§ **Provided data**:
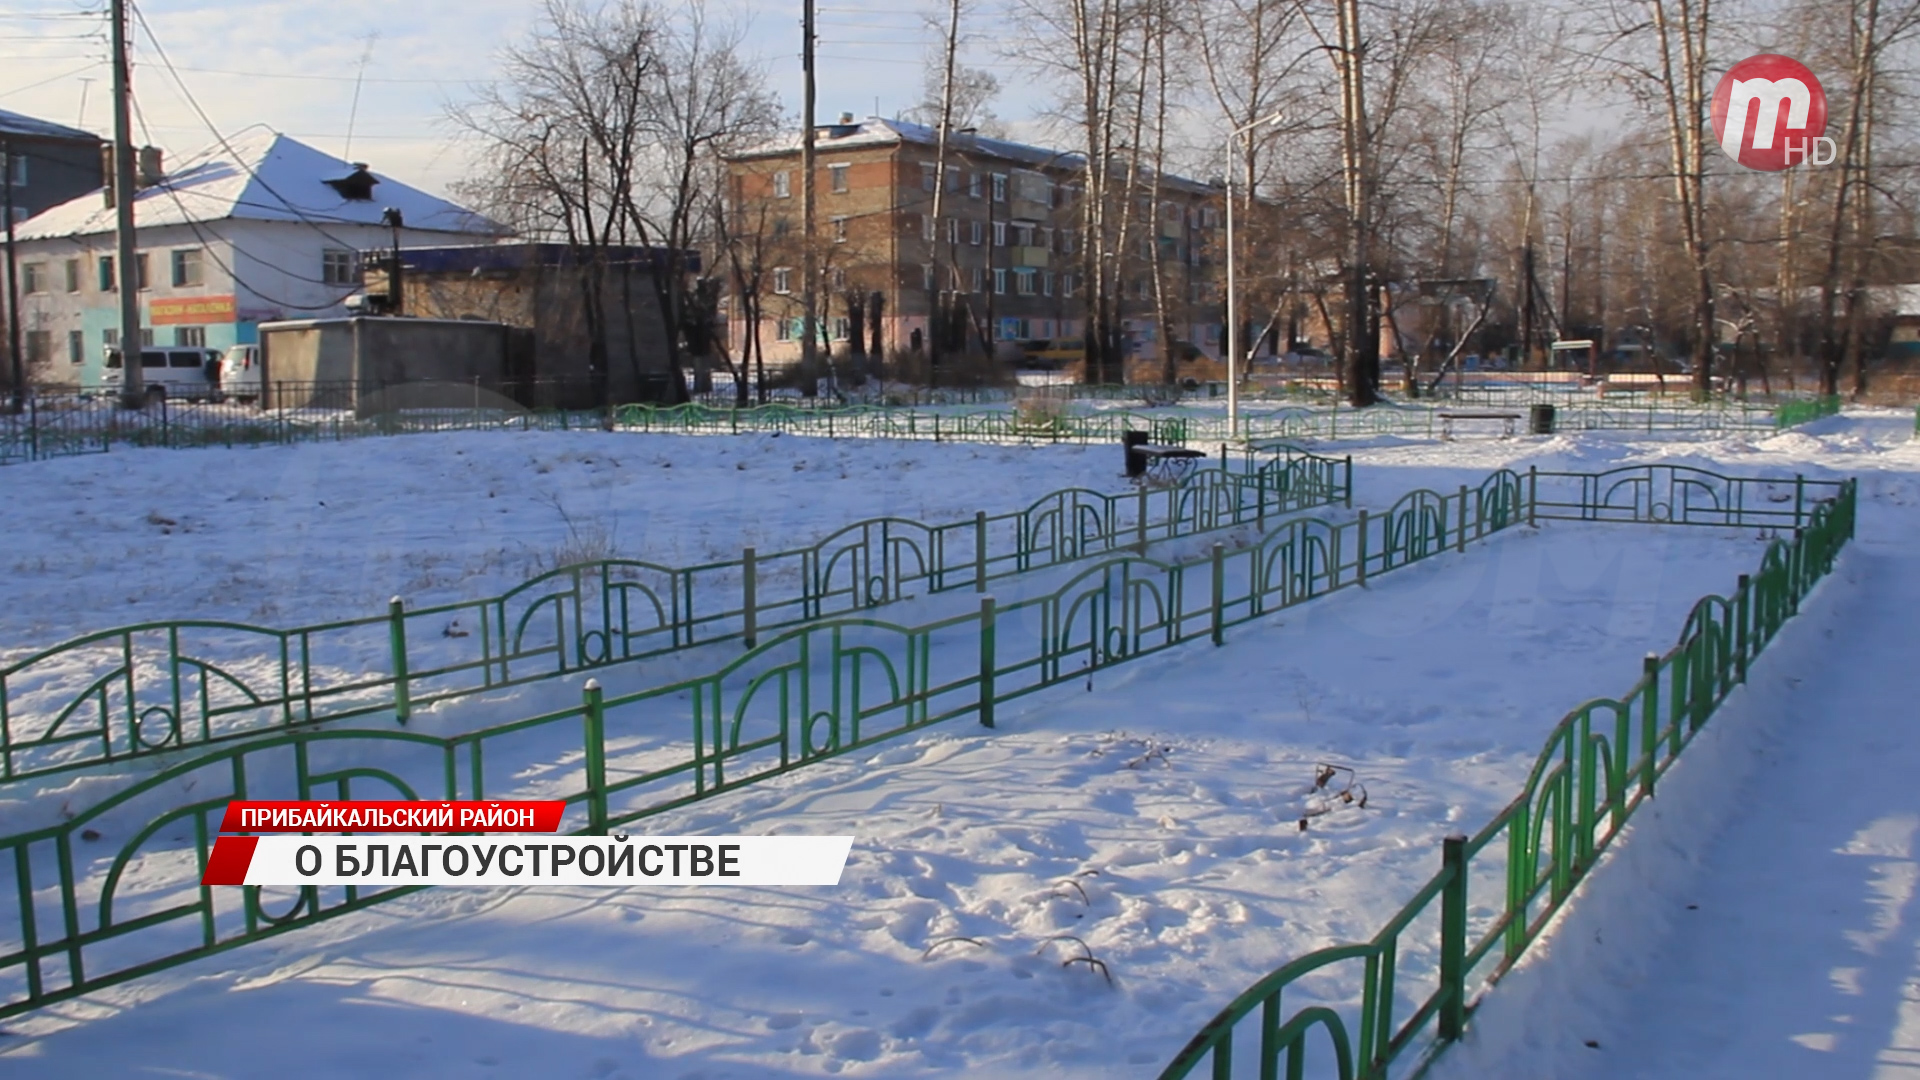 В Прибайкальском районе продолжают благоустраивать детские площадки, скверы и аллеи
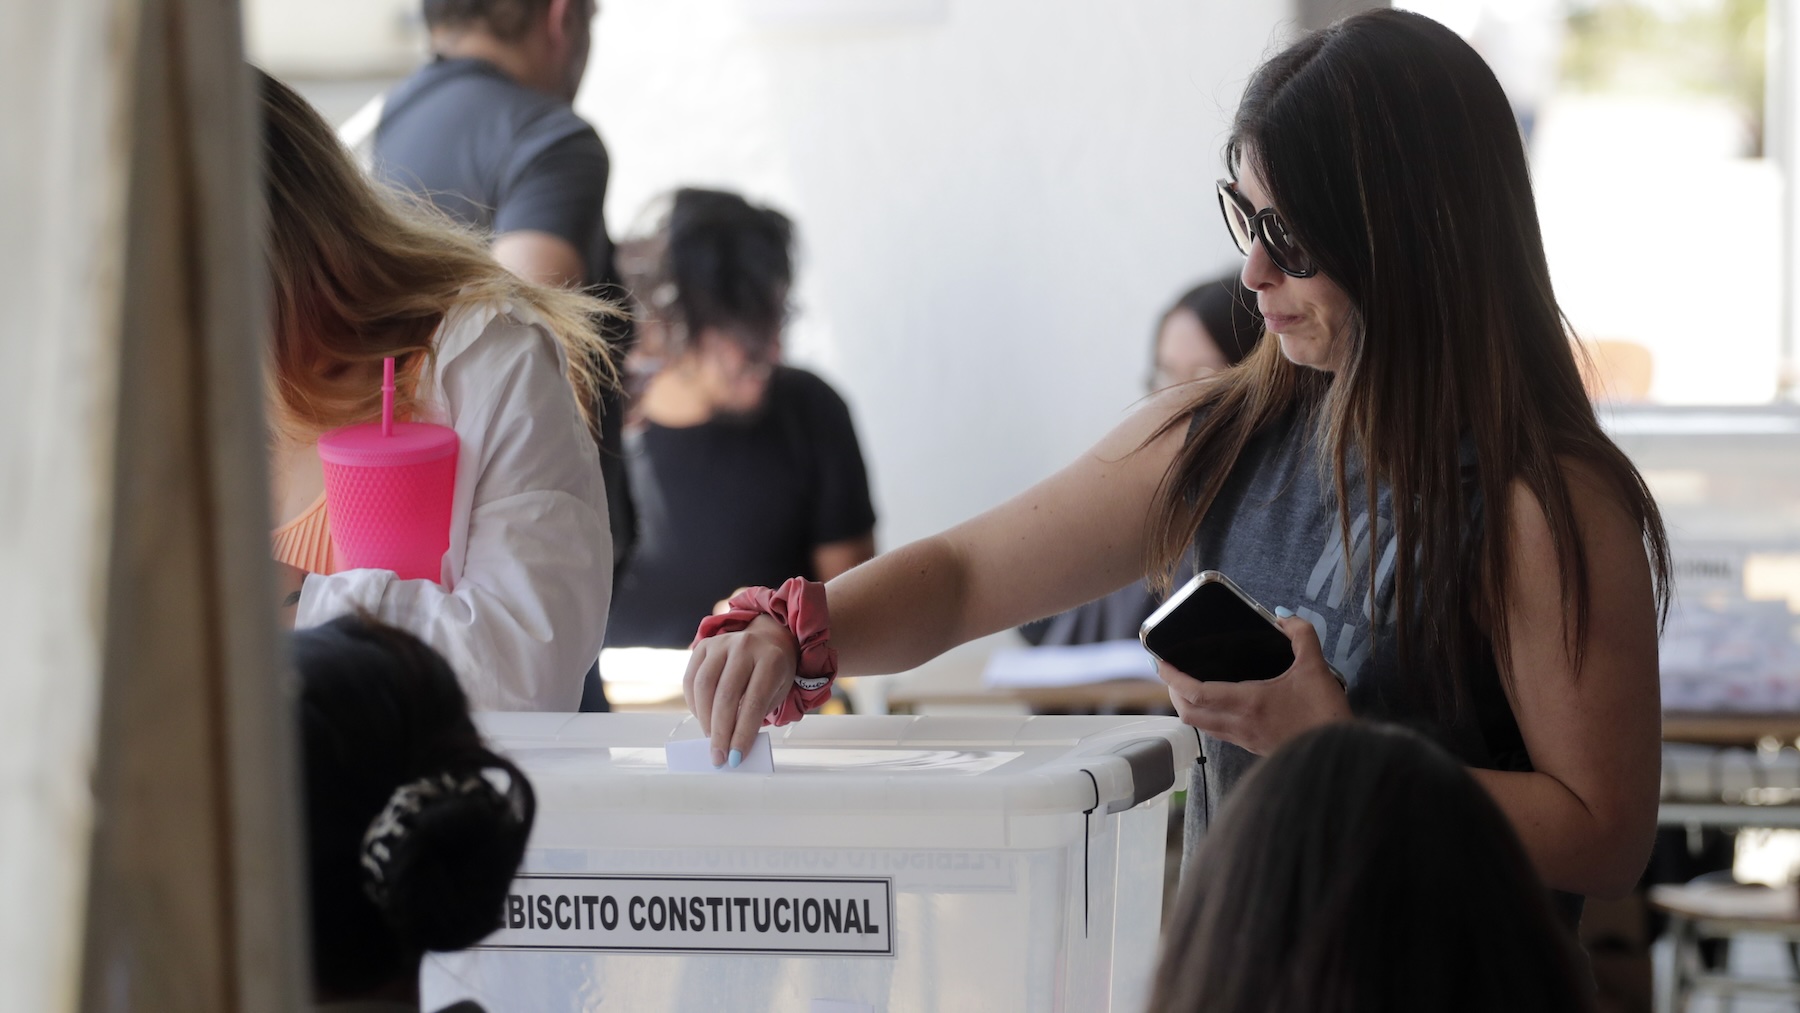 Una chilena deposita su voto en el plebiscito constitucional. (Foto: Efe)
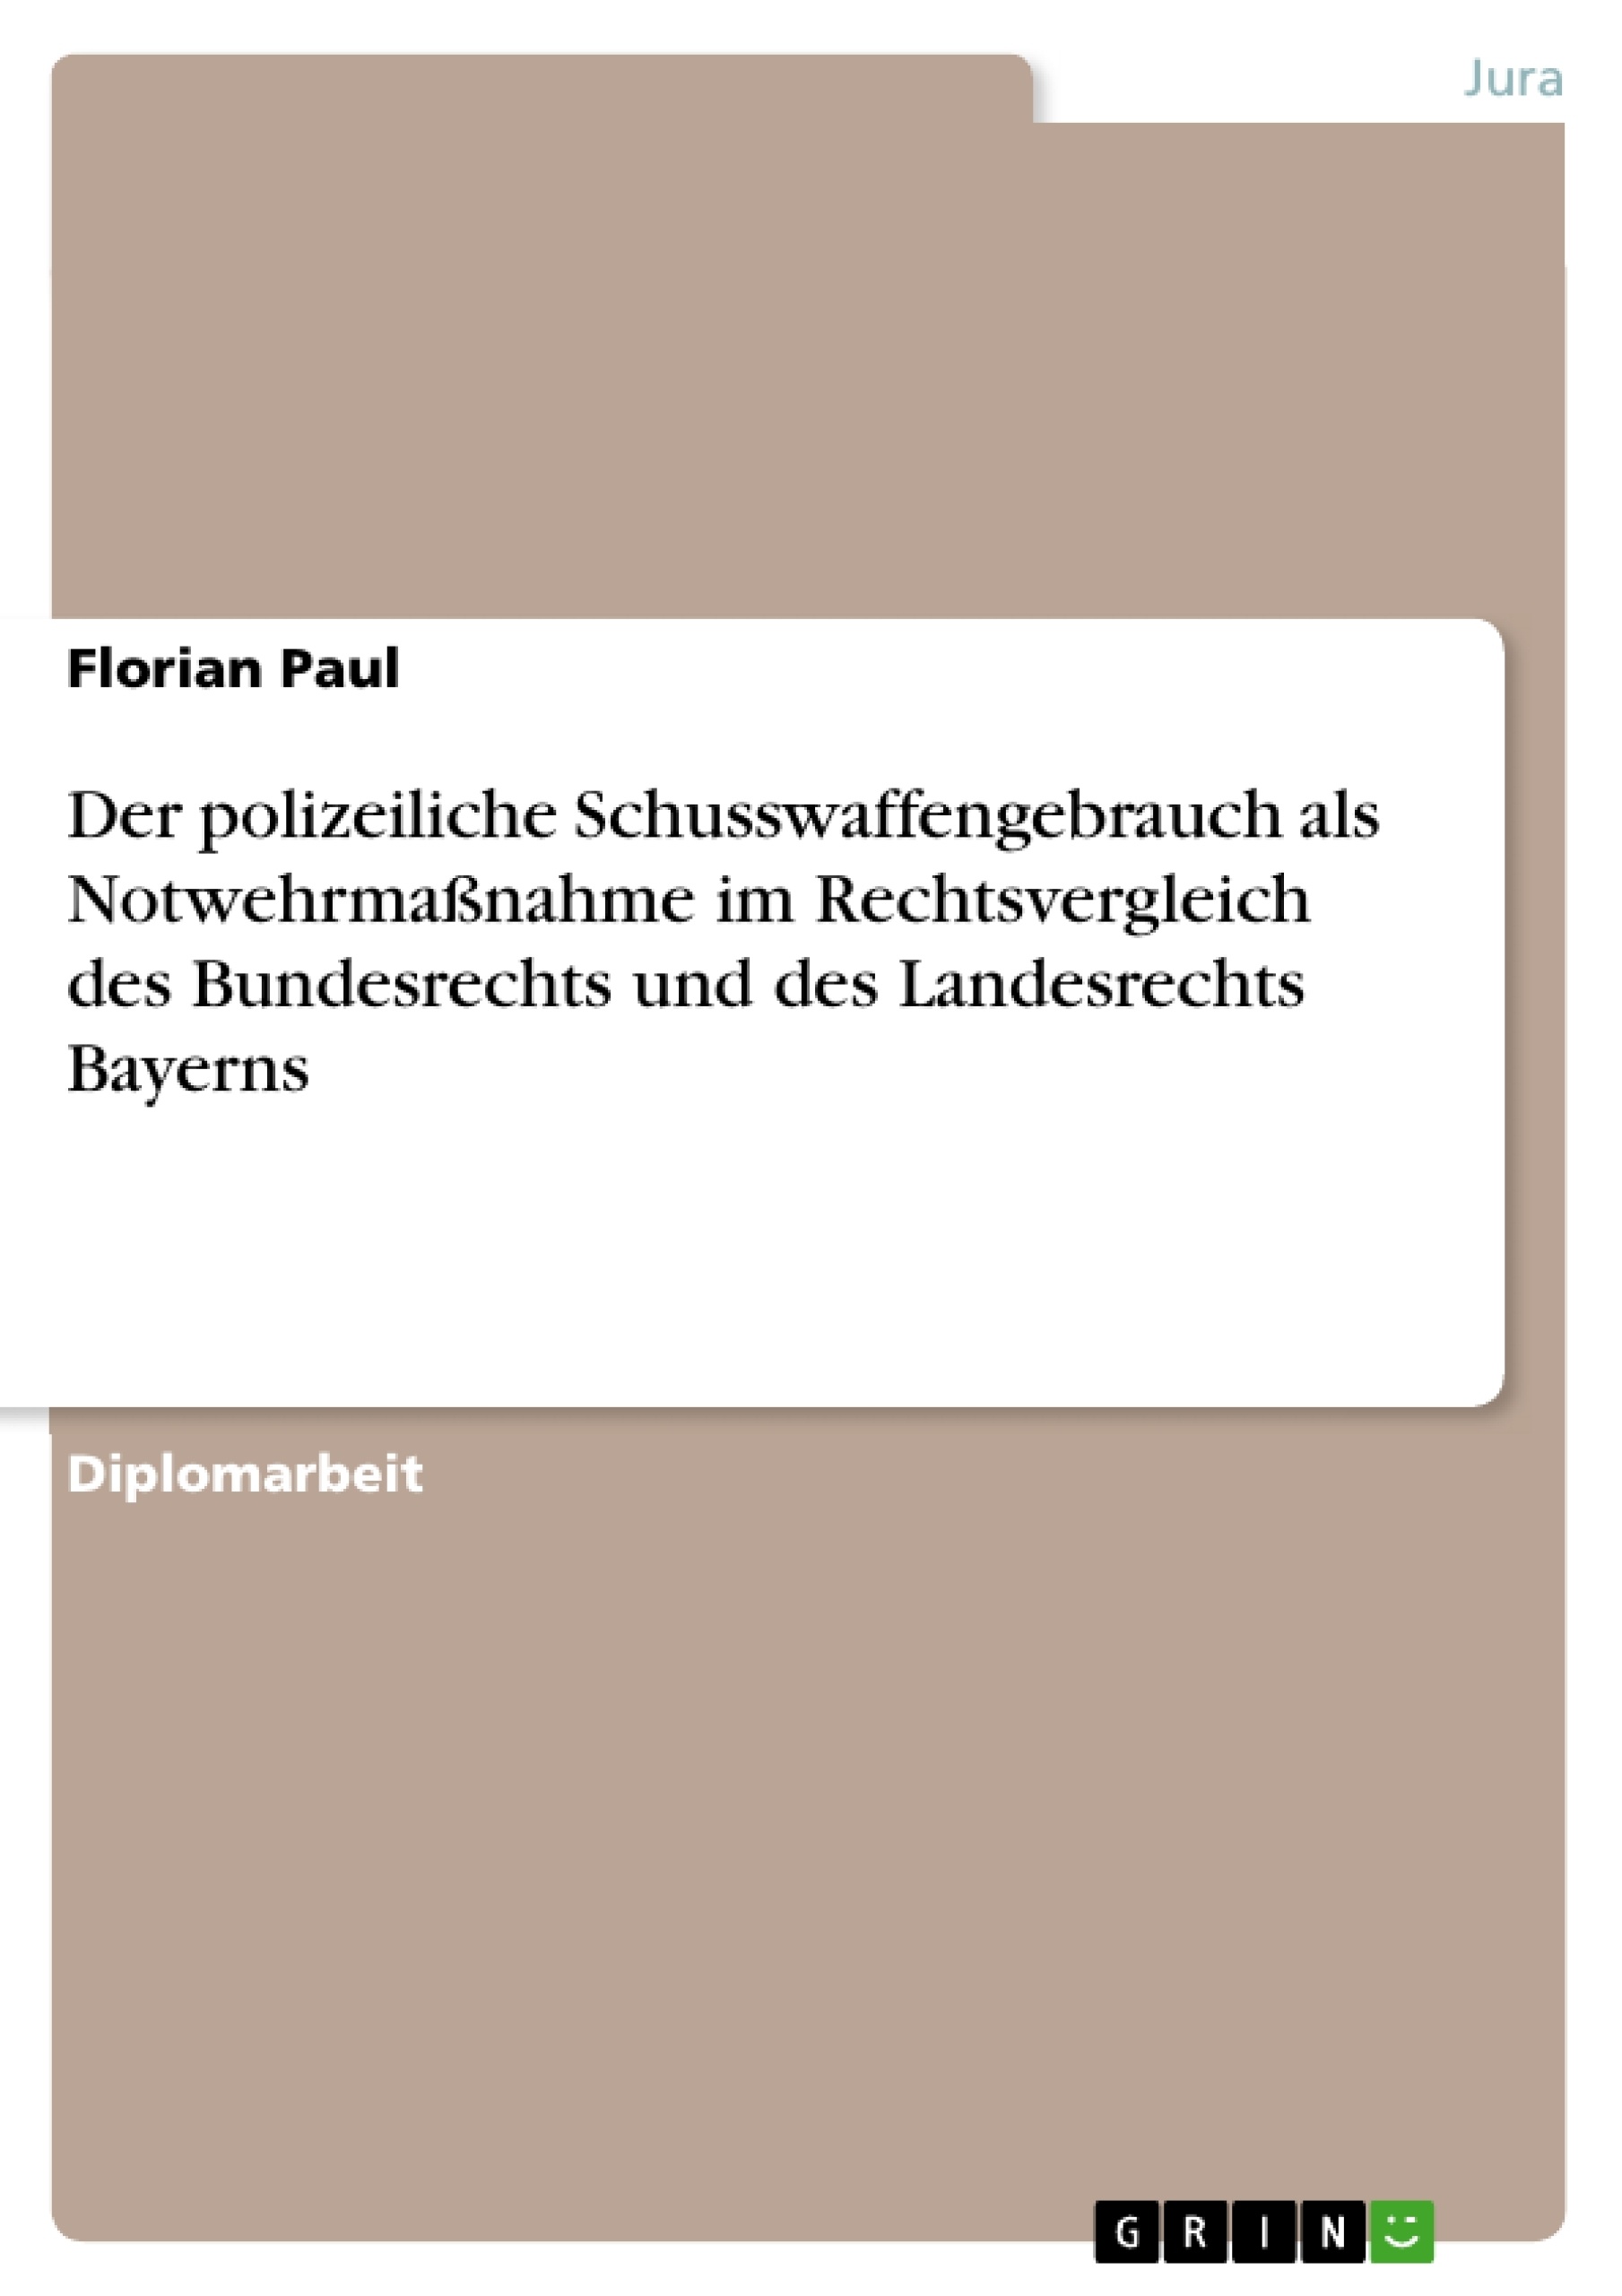 Title: Der polizeiliche Schusswaffengebrauch als Notwehrmaßnahme im Rechtsvergleich des Bundesrechts und des Landesrechts Bayerns
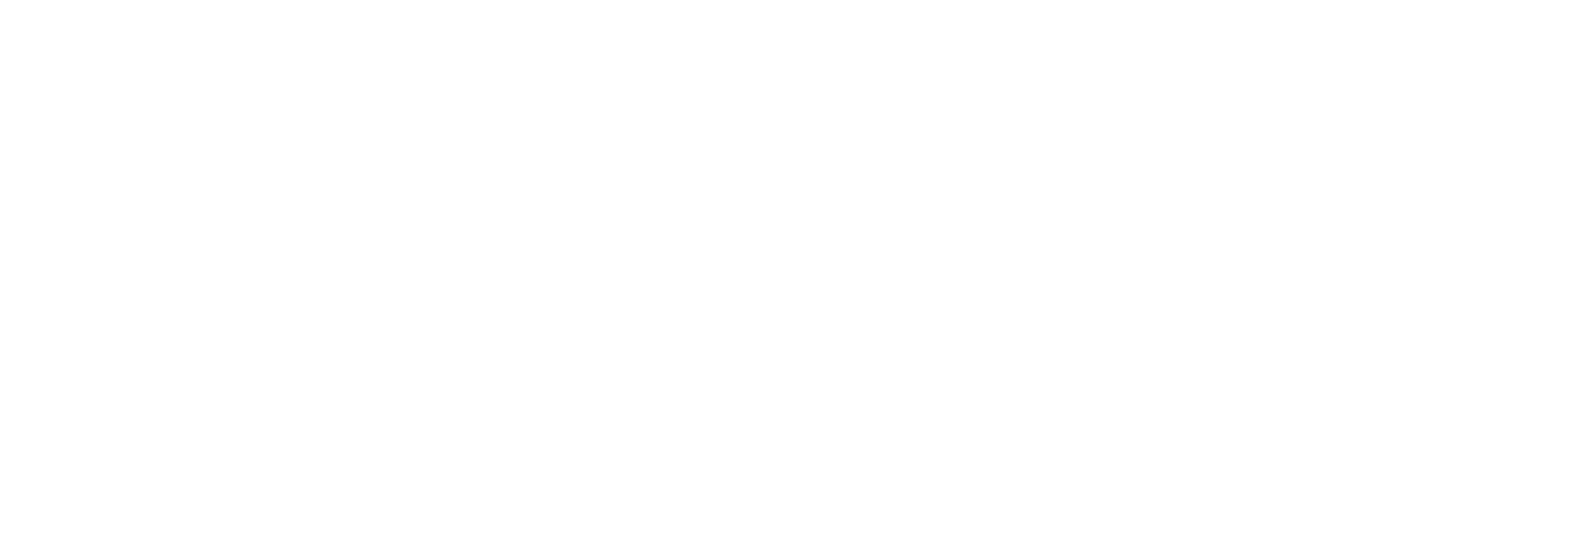 Kaspien logo large for dark backgrounds (transparent PNG)

§ **Problem description**: Without including any image, reproduce the full listing above as written.

§ **Task answer**:
 В Прибайкальском районе продолжают благоустраивать детские площадки, скверы и аллеи
 Una chilena deposita su voto en el plebiscito constitucional. (Foto: Efe)
 Title: Der polizeiliche Schusswaffengebrauch als Notwehrmaßnahme im Rechtsvergleich des Bundesrechts und des Landesrechts Bayerns
 Kaspien logo large for dark backgrounds (transparent PNG)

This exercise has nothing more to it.